Multi-process usage of `tiledbsoma_ml.ExperimentDataset` includes both:
* using the [`torch.utils.data.DataLoader`] with 1 or more workers (i.e., with an argument of `n_workers=1` or greater)
* using a multi-process training configuration, such as [`DistributedDataParallel`]

In these configurations, `ExperimentDataset` will automatically partition data across workers.
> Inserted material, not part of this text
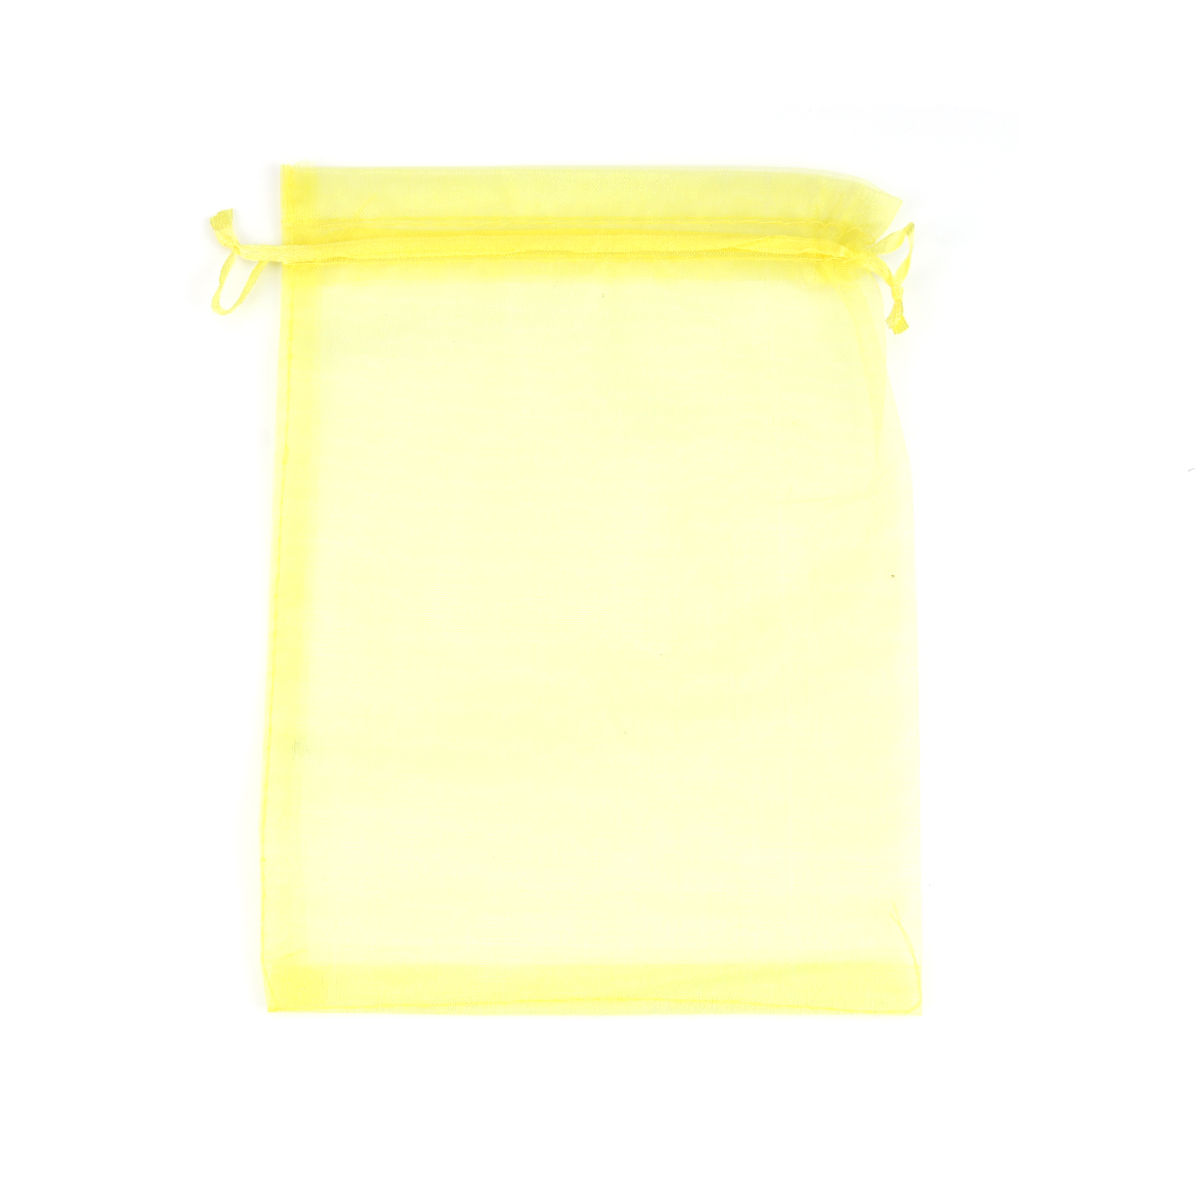 Picture of Wedding Gift Organza Jewelry Bags Drawstring Rectangle Yellow 20cm x15cm(7 7/8" x5 7/8"), (Usable Space: 17x14.5cm) 20 PCs

However, when using `shuffle=True`, there are several things to keep in mind:

1. All worker processes must share the same random number generator `seed`, ensuring that all workers shuffle and partition the data in the same way.
2. To ensure that each epoch returns a _different_ shuffle, the caller must set the epoch, using the `set_epoch` API. This is identical to the behavior of [`torch.utils.data.distributed.DistributedSampler`].
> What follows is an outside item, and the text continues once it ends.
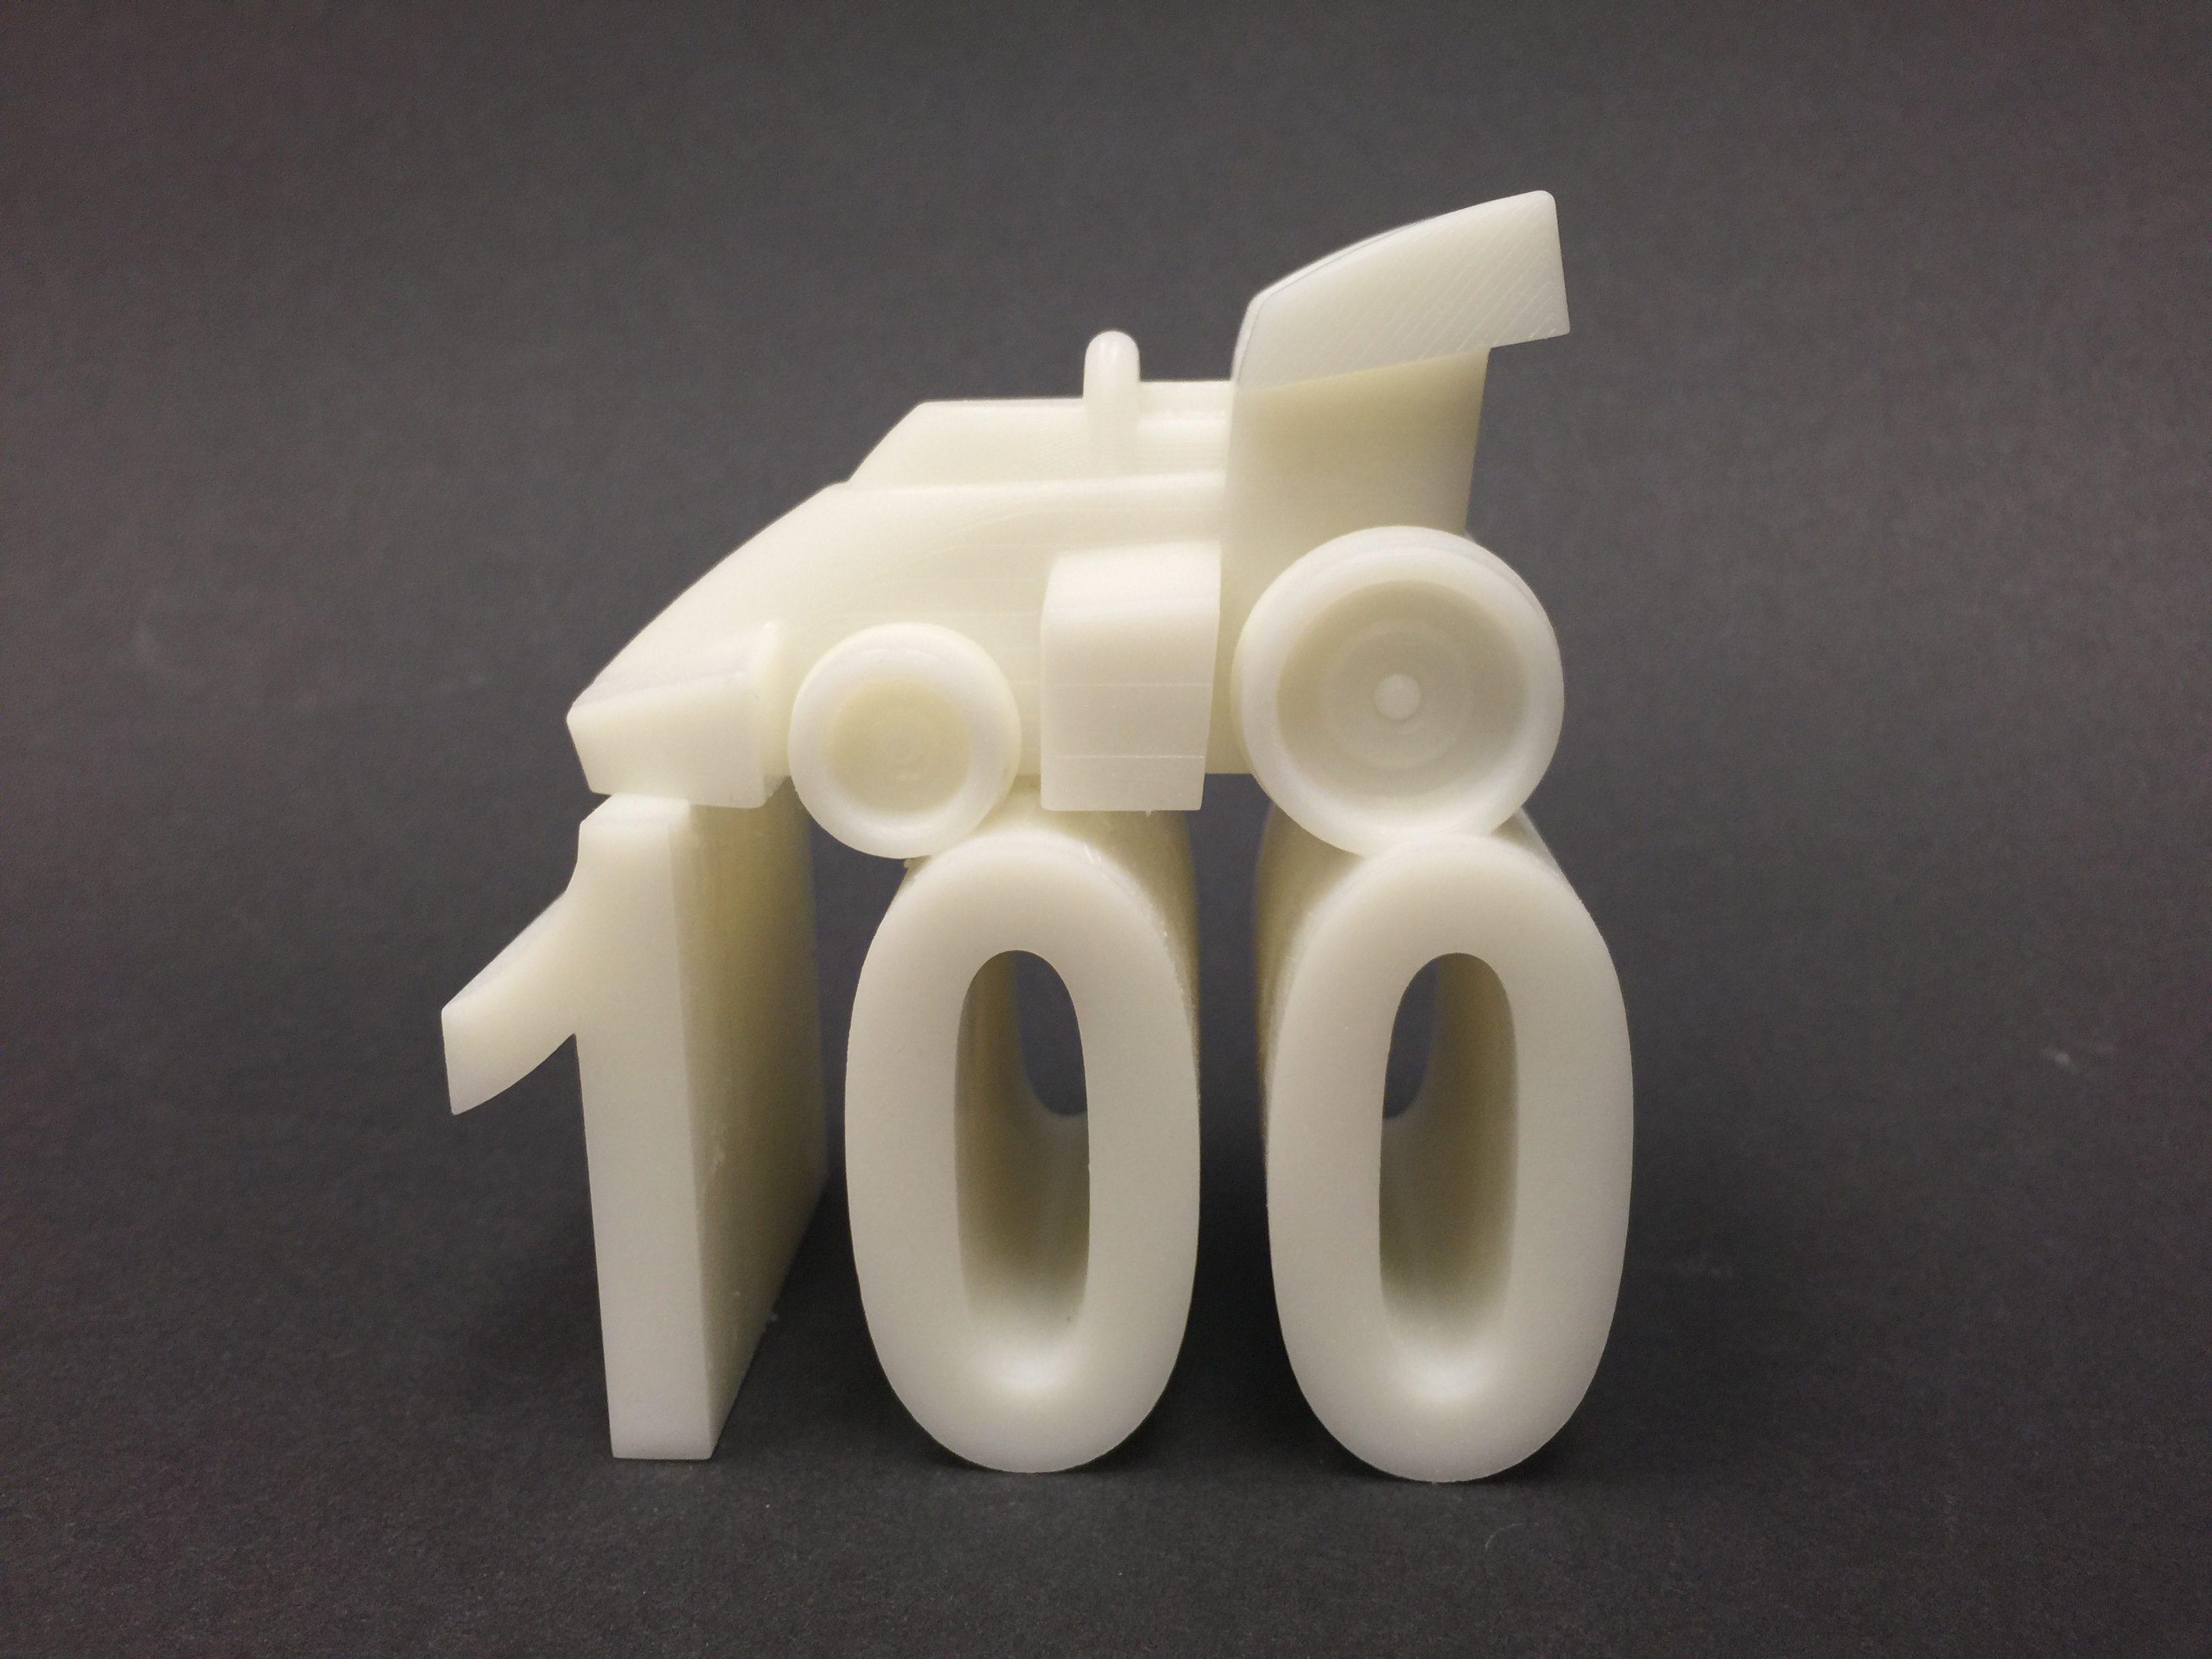 3D Printed 100th running of the Indy 500

[DataLoader]: https://pytorch.org/docs/stable/data.html
[`torch.utils.data.DataLoader`]: https://pytorch.org/docs/stable/data.html#torch.utils.data.DataLoader
[`torch.utils.data.distributed.DistributedSampler`]: https://pytorch.org/docs/stable/data.html#torch.utils.data.distributed.DistributedSampler
[`DistributedDataParallel`]: https://pytorch.org/docs/stable/generated/torch.nn.parallel.DistributedDataParallel.html

[Papermill] parameters:

[Papermill]: https://papermill.readthedocs.io/

In [1]:
import os

tissue = "tongue"
n_epochs = 20
census_version = "2024-07-01"
batch_size = 128
learning_rate = 1e-5
num_workers = 2

In [2]:
from tiledbsoma import AxisQuery, Experiment, SOMATileDBContext
from sklearn.preprocessing import LabelEncoder

from tiledbsoma_ml import ExperimentDataset

CZI_Census_Homo_Sapiens_URL = f"s3://cellxgene-census-public-us-west-2/cell-census/{census_version}/soma/census_data/homo_sapiens/"
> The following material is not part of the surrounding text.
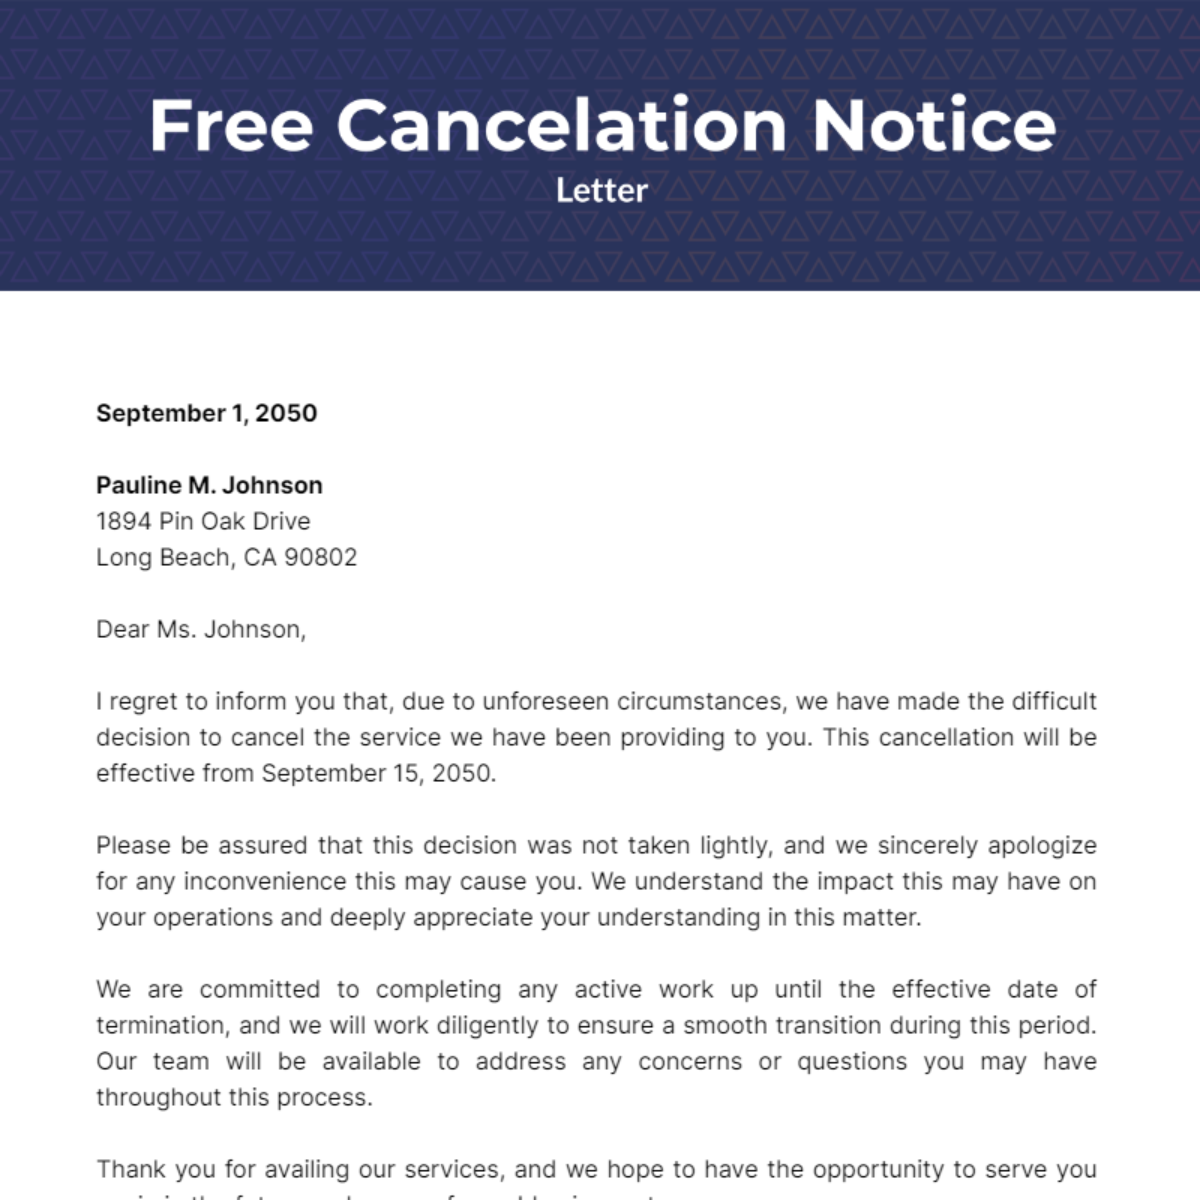 Cancelation Notice Letter Template

experiment = Experiment.open(
    CZI_Census_Homo_Sapiens_URL,
    context=SOMATileDBContext(tiledb_config={"vfs.s3.region": "us-west-2", "vfs.s3.no_sign_request": "true"}),
)
obs_value_filter = f"tissue_general == '{tissue}' and is_primary_data == True"

with experiment.axis_query(
    measurement_name="RNA", obs_query=AxisQuery(value_filter=obs_value_filter)
) as query:
    obs_df = query.obs(column_names=["cell_type"]).concat().to_pandas()
    cell_type_encoder = LabelEncoder().fit(obs_df["cell_type"].unique())

experiment_dataset = ExperimentDataset(
    query,
    layer_name="raw",
    obs_column_names=["cell_type"],
    batch_size=batch_size,
    shuffle=True,
)

In [3]:
import torch

class LogisticRegression(torch.nn.Module):
    def __init__(self, input_dim, output_dim):
        super(LogisticRegression, self).__init__()
        self.linear = torch.nn.Linear(input_dim, output_dim)

    def forward(self, x):
        outputs = torch.sigmoid(self.linear(x))
        return outputs
    

def train_epoch(model, train_dataloader, loss_fn, optimizer, device):
    model.train()
    train_loss = 0
    train_correct = 0
    train_total = 0

    for X_batch, obs_batch in train_dataloader:
        optimizer.zero_grad()

        X_batch = torch.from_numpy(X_batch).float().to(device)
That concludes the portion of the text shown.